* [Material for this task]:
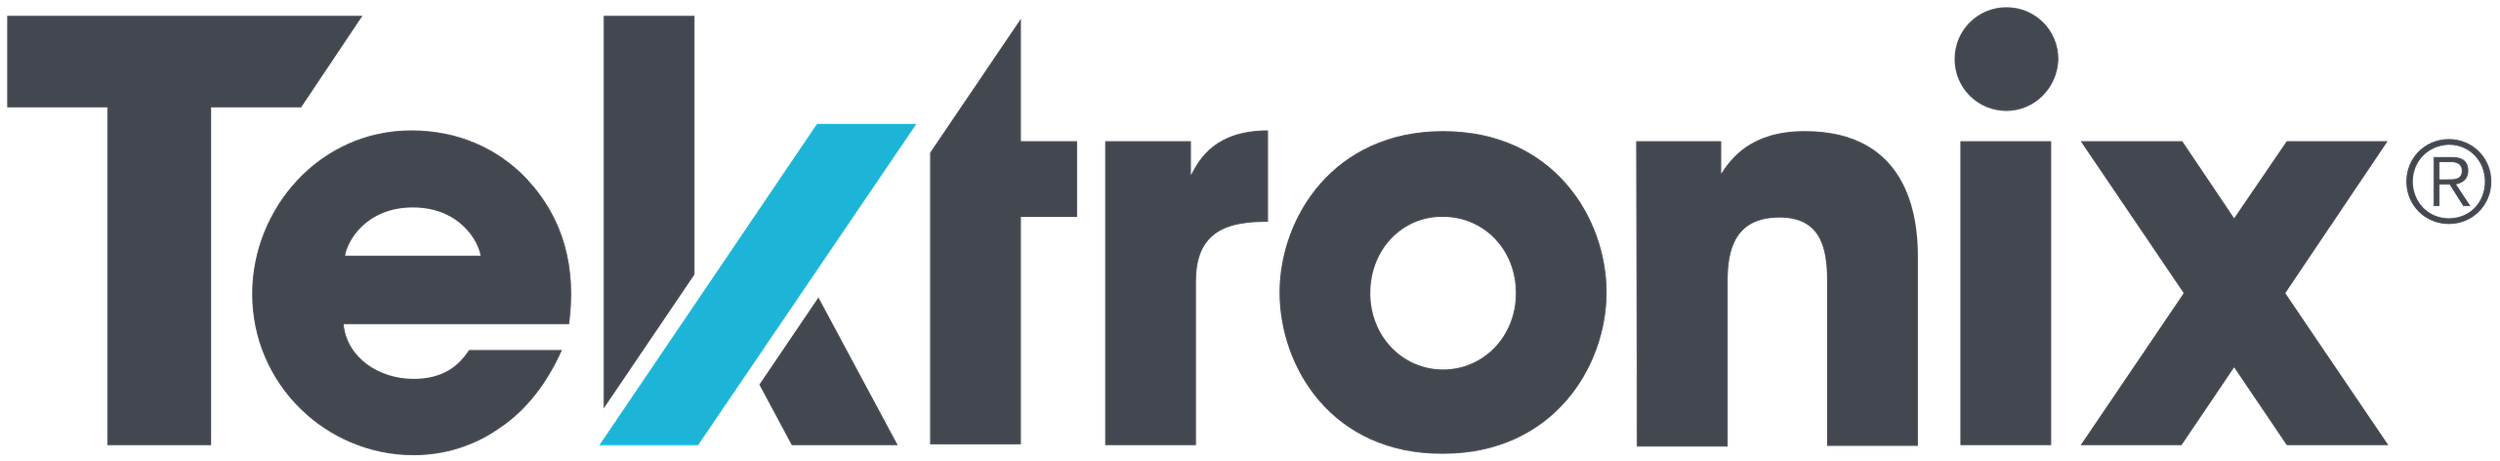 Tektronix_logo_(2016).svg.png
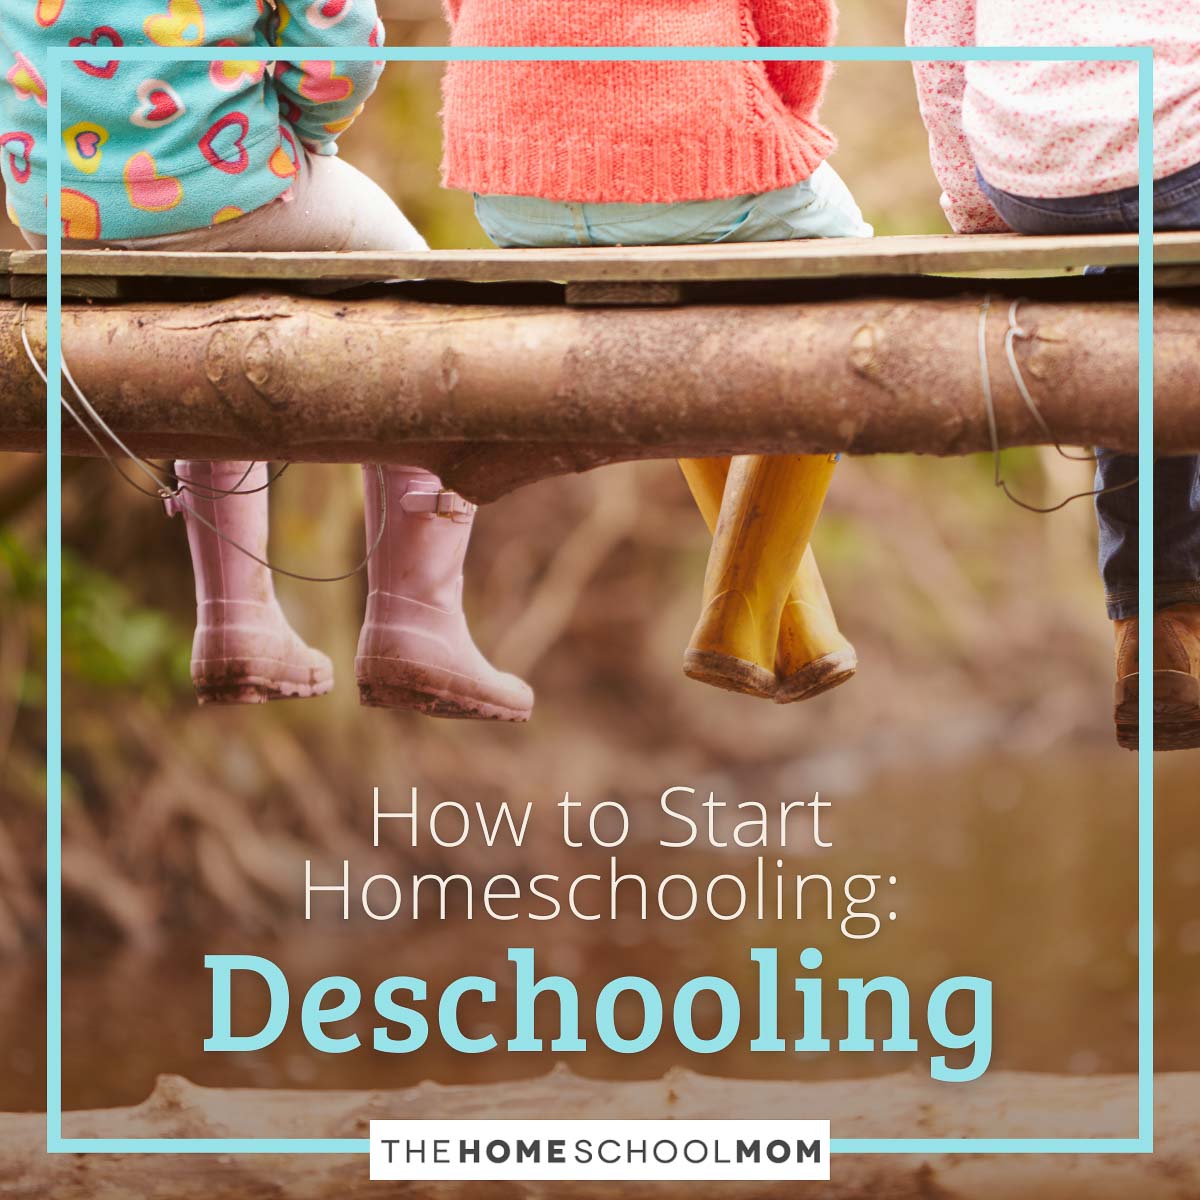 How to Start Homeschooling: Deschooling
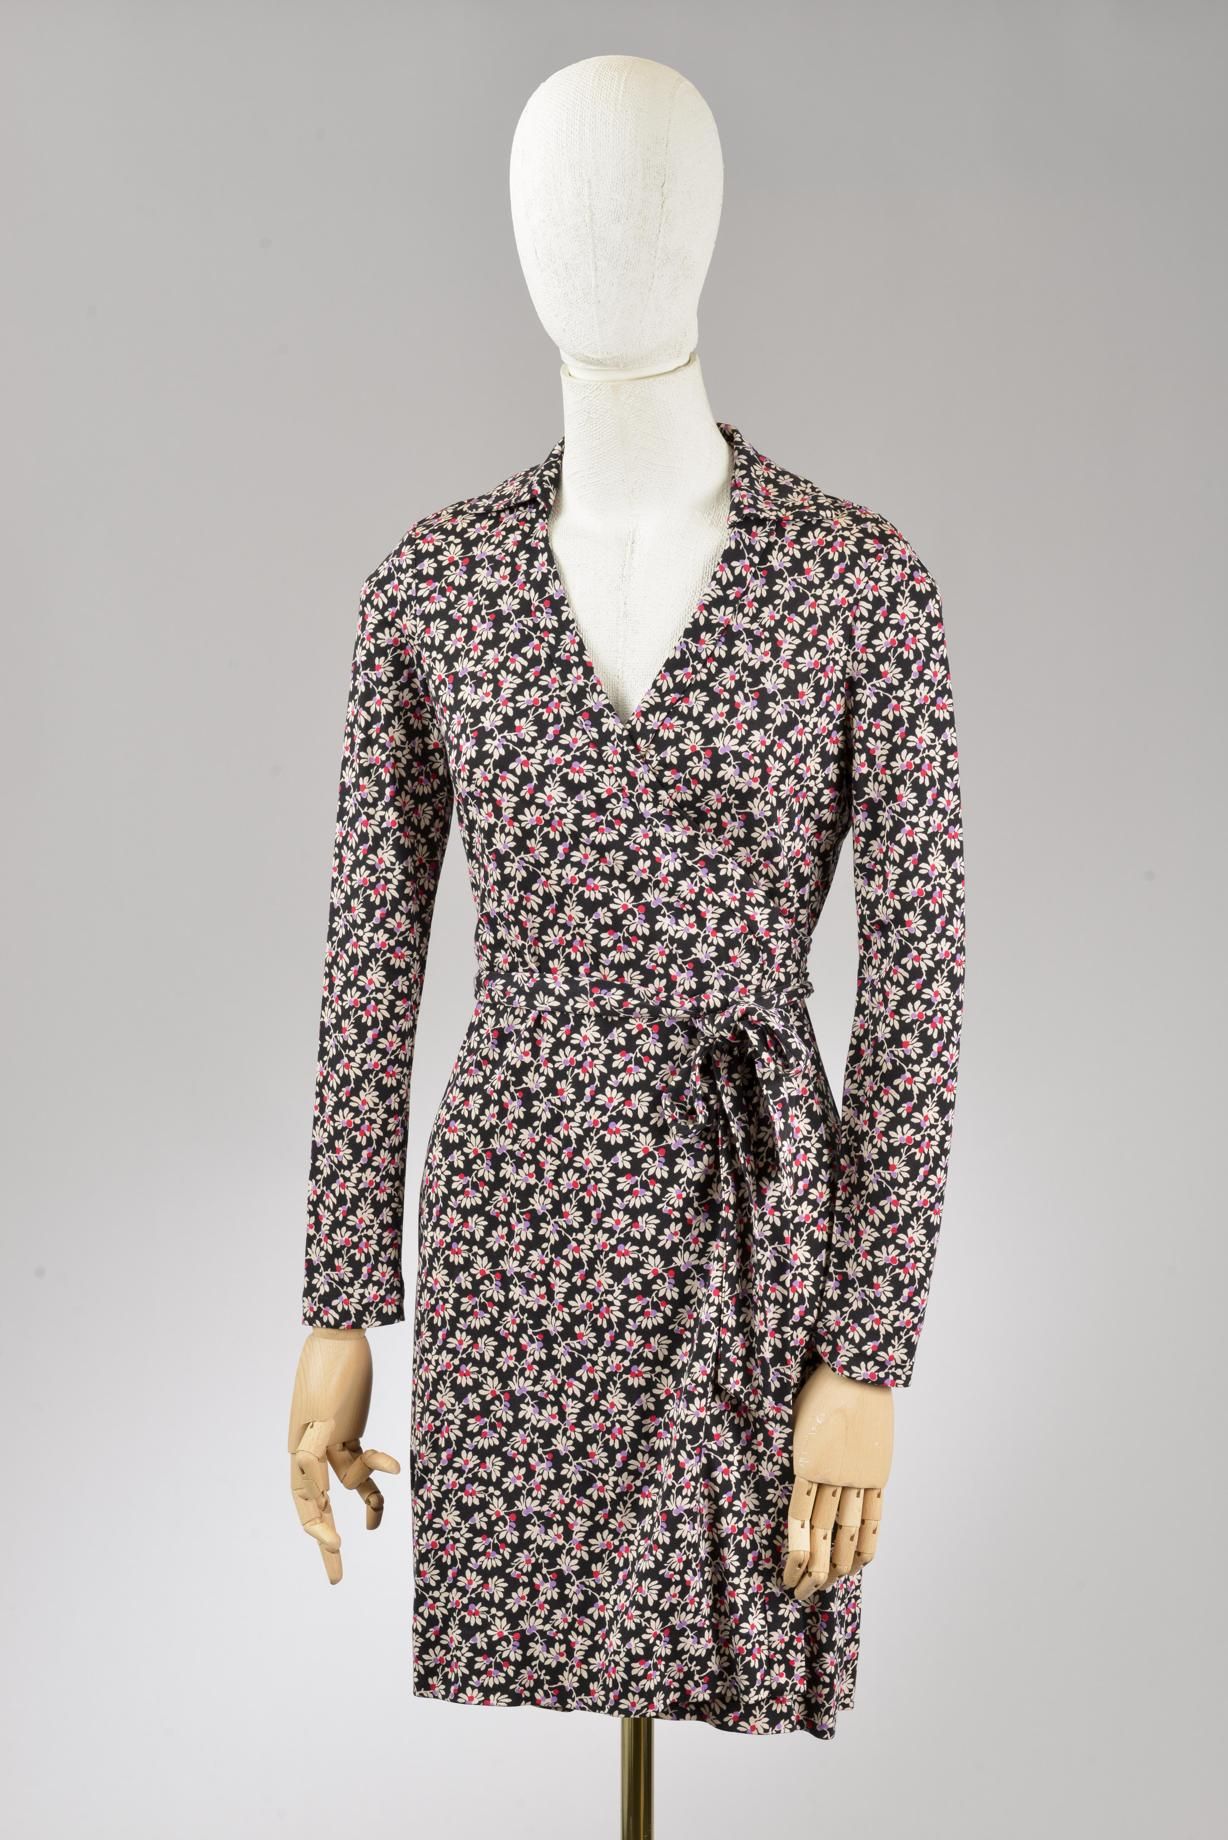 Null *尺寸2 DVF - Diane Von Fürstenberg

套装包括。

-弹性丝质裹身裙，型号为 "DVF Jeannie"，黑色背景上印有&hellip;

* [What the task requires]: Print the data again, word for word, without any pictures.

* [Solution to this task]:
 Tektronix_logo_(2016).svg.png
 How to Start Homeschooling: Deschooling
 Null *尺寸2 DVF - Diane Von Fürstenberg

套装包括。

-弹性丝质裹身裙，型号为 "DVF Jeannie"，黑色背景上印有&hellip;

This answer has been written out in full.